Given information:
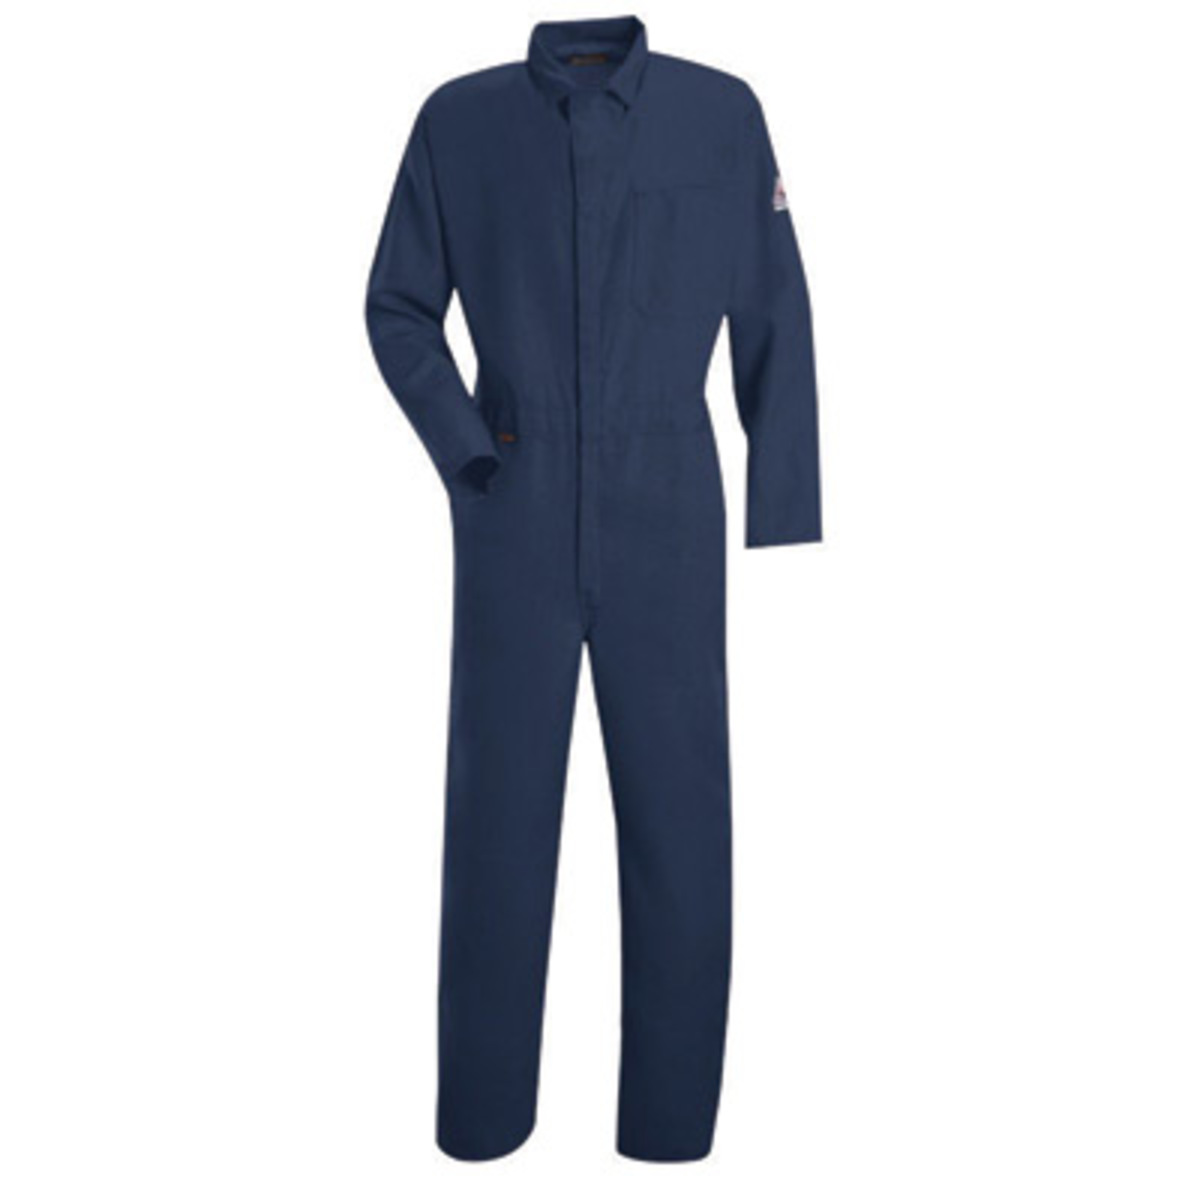 Stanco Safety Products™ 6X Navy Blue Nomex® IIIA Arc Rated Flame Resistant Coveralls With Concealed 2-Way Front Zipper Closure A
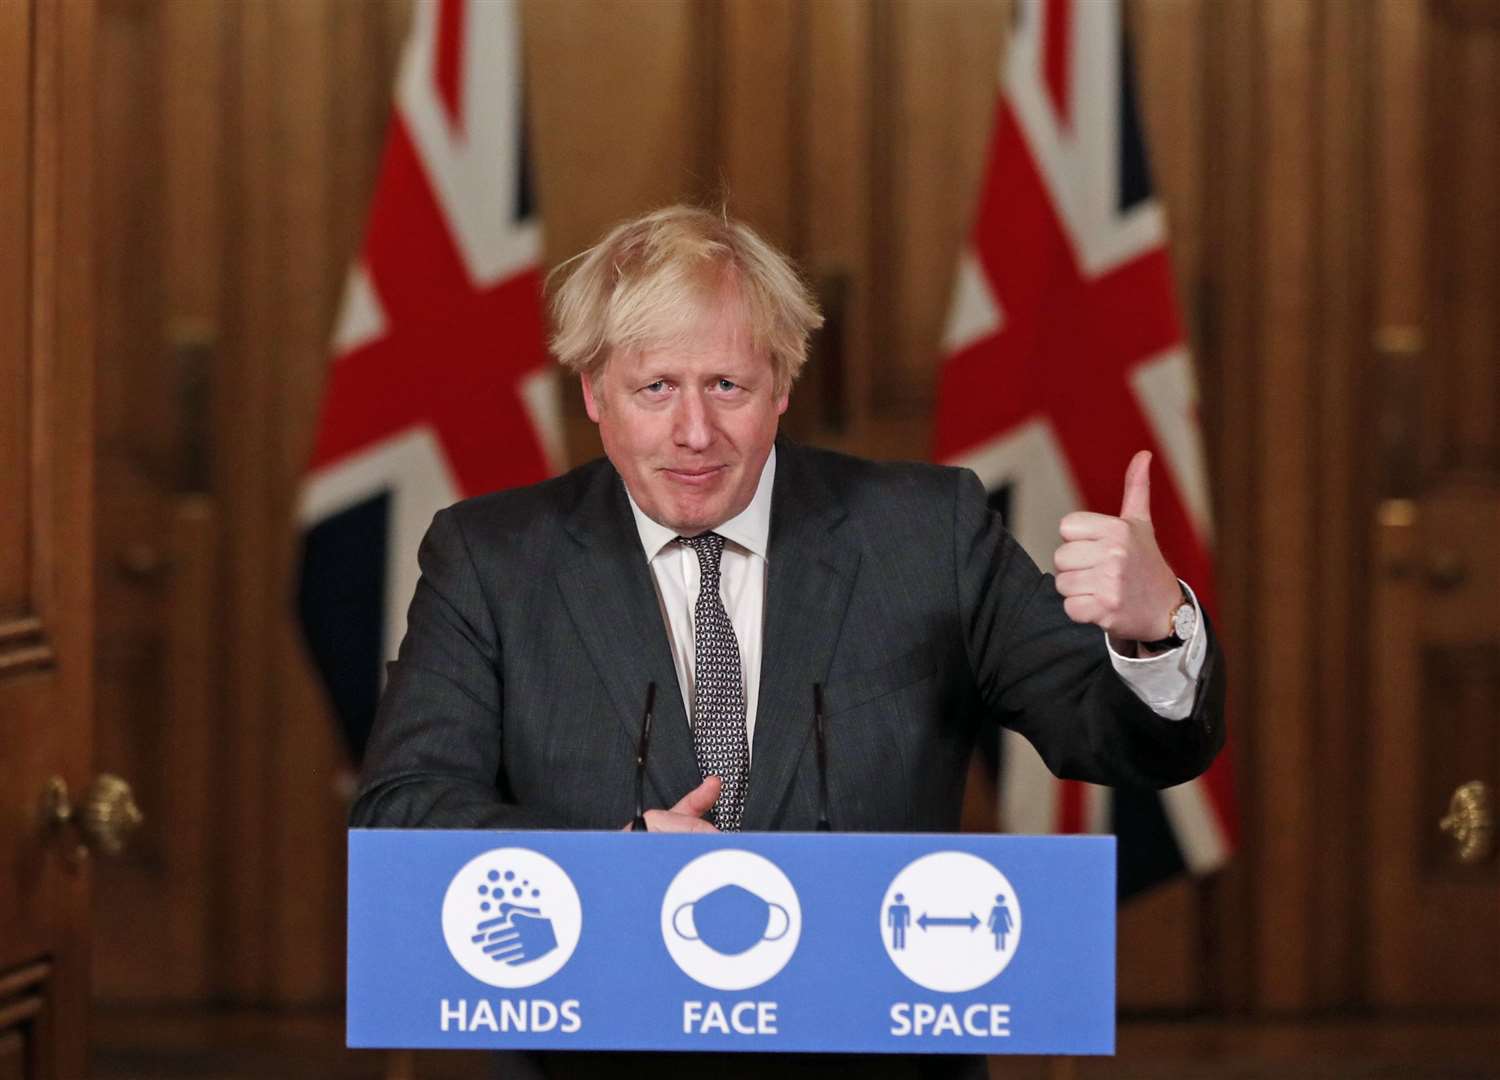 Boris Johnson was prime minister during the Covid pandemic (Heathcliff O’Malley/Daily Telegraph/PA)
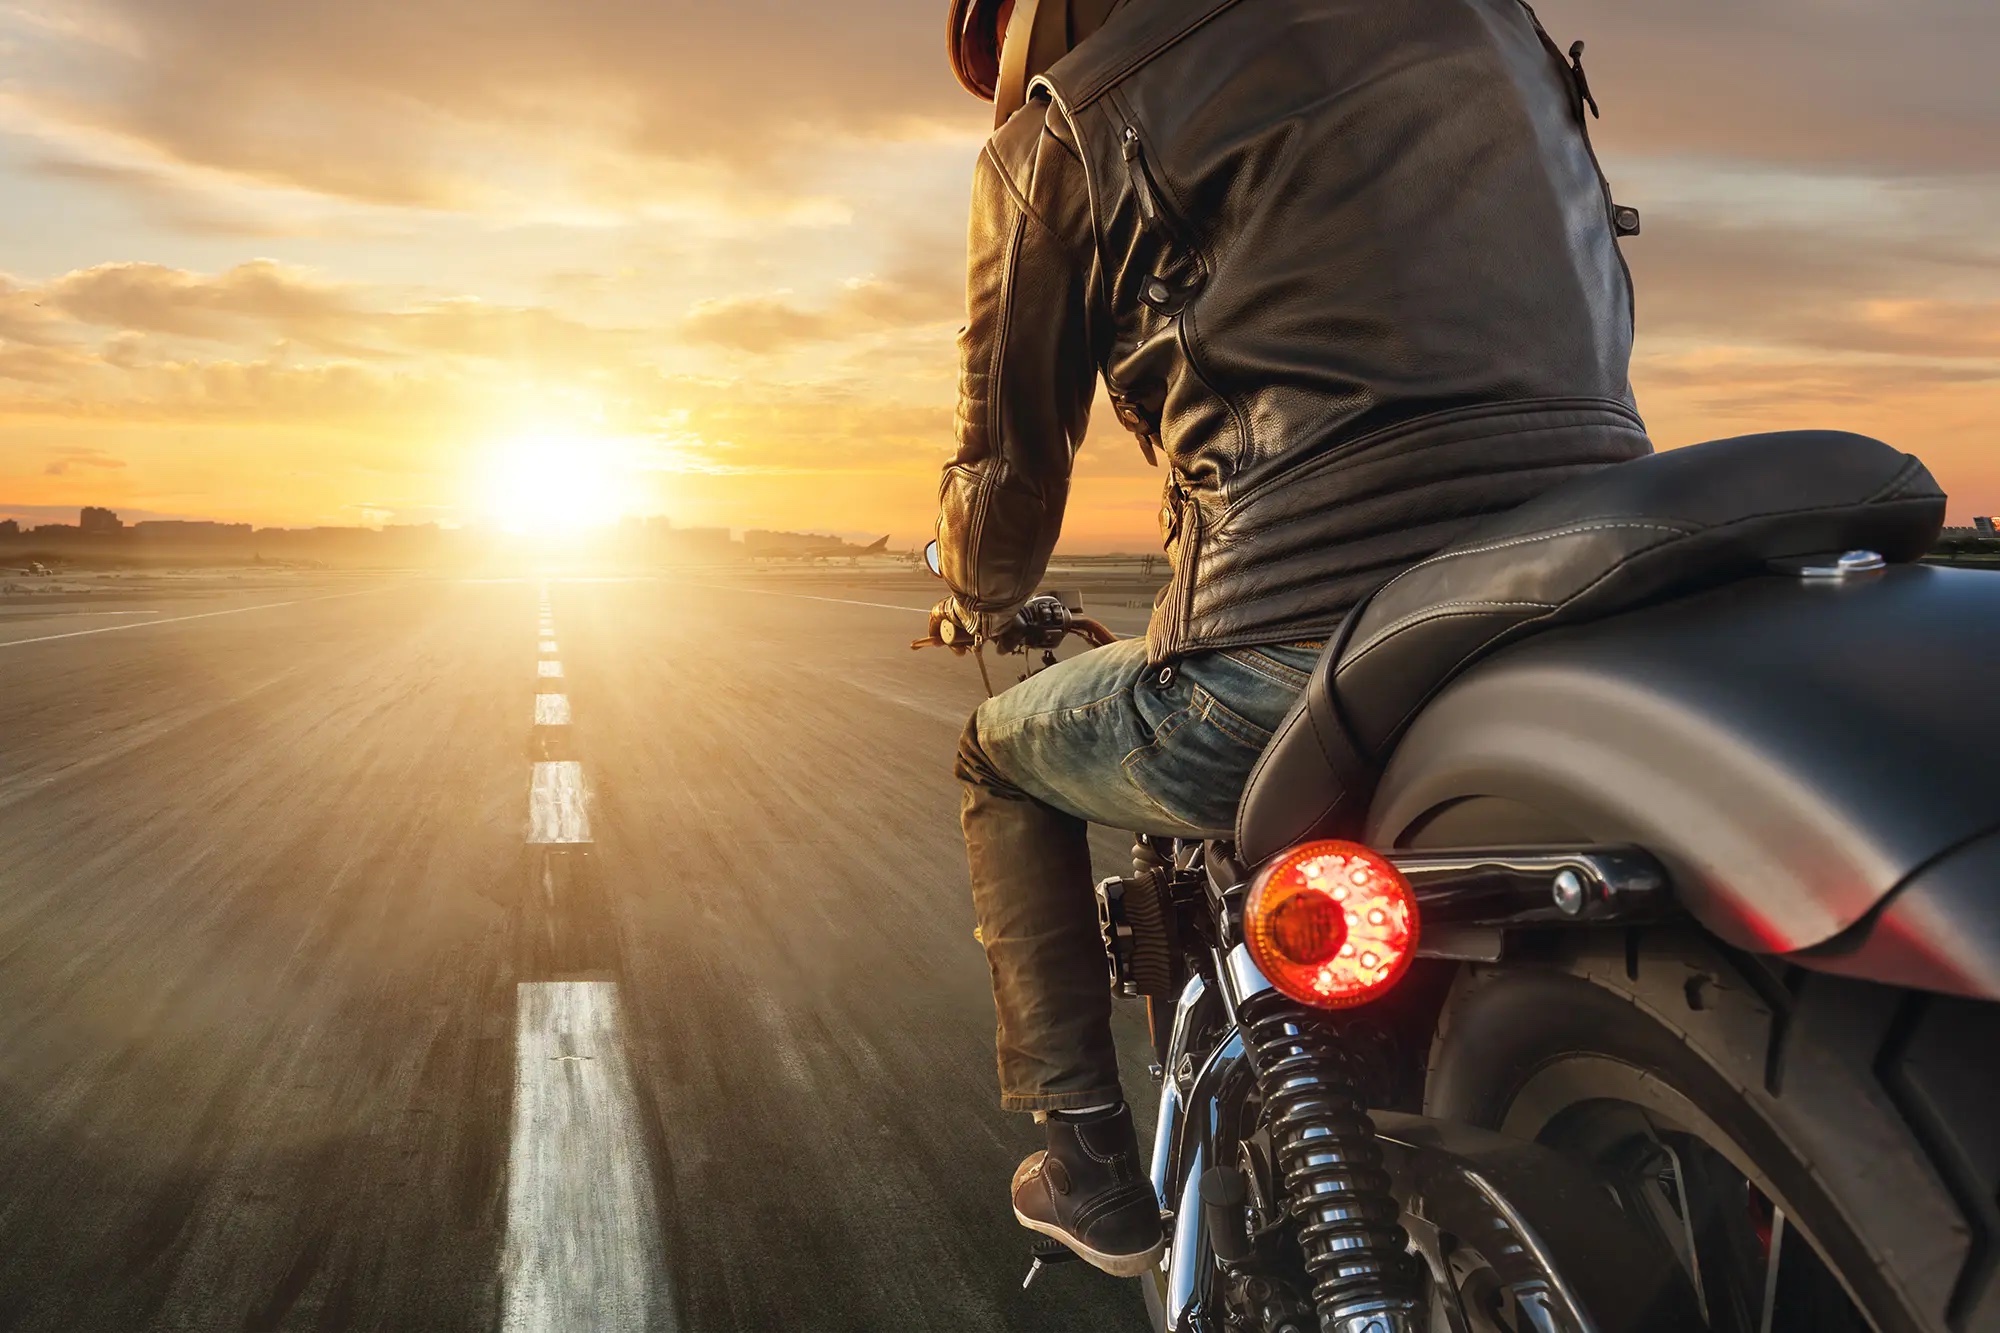 A motorcyclist hooning into the sunset. Media sourced from the New York Post.
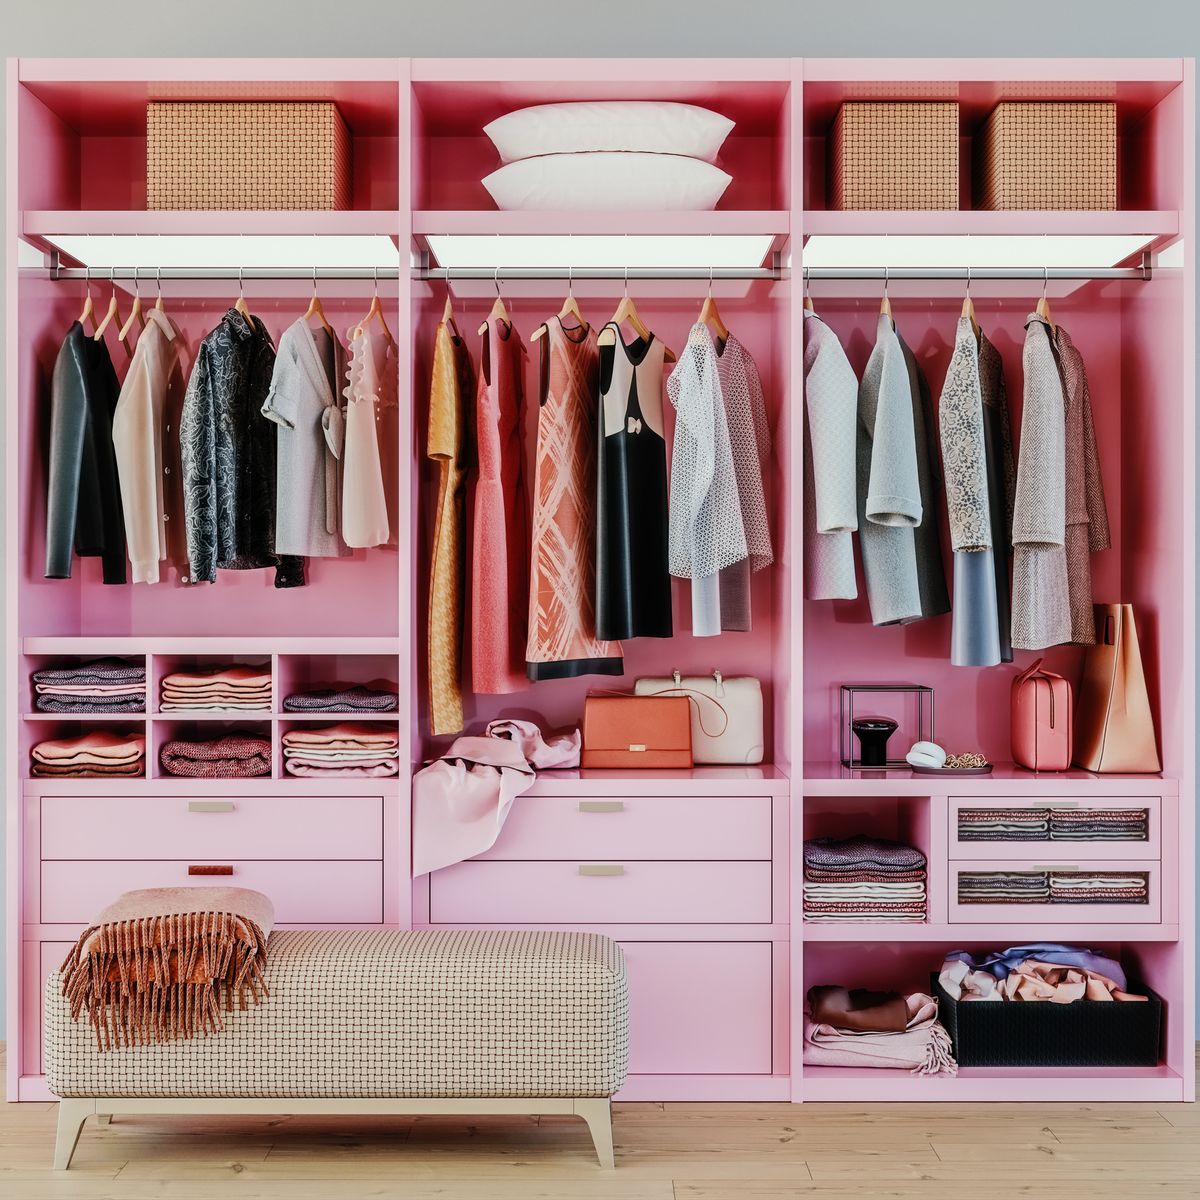 https://hips.hearstapps.com/hmg-prod/images/modern-pink-wardrobe-with-clothes-hanging-on-rail-royalty-free-image-1574877138.jpg?crop=0.90929xw:1xh;center,top&resize=1200:*

Task requirements: Write out the data above exactly, minus any images.

Answer area:
 Stanco Safety Products™ 6X Navy Blue Nomex® IIIA Arc Rated Flame Resistant Coveralls With Concealed 2-Way Front Zipper Closure A
 Boris Johnson was prime minister during the Covid pandemic (Heathcliff O’Malley/Daily Telegraph/PA)
 A motorcyclist hooning into the sunset. Media sourced from the New York Post.
 https://hips.hearstapps.com/hmg-prod/images/modern-pink-wardrobe-with-clothes-hanging-on-rail-royalty-free-image-1574877138.jpg?crop=0.90929xw:1xh;center,top&resize=1200:*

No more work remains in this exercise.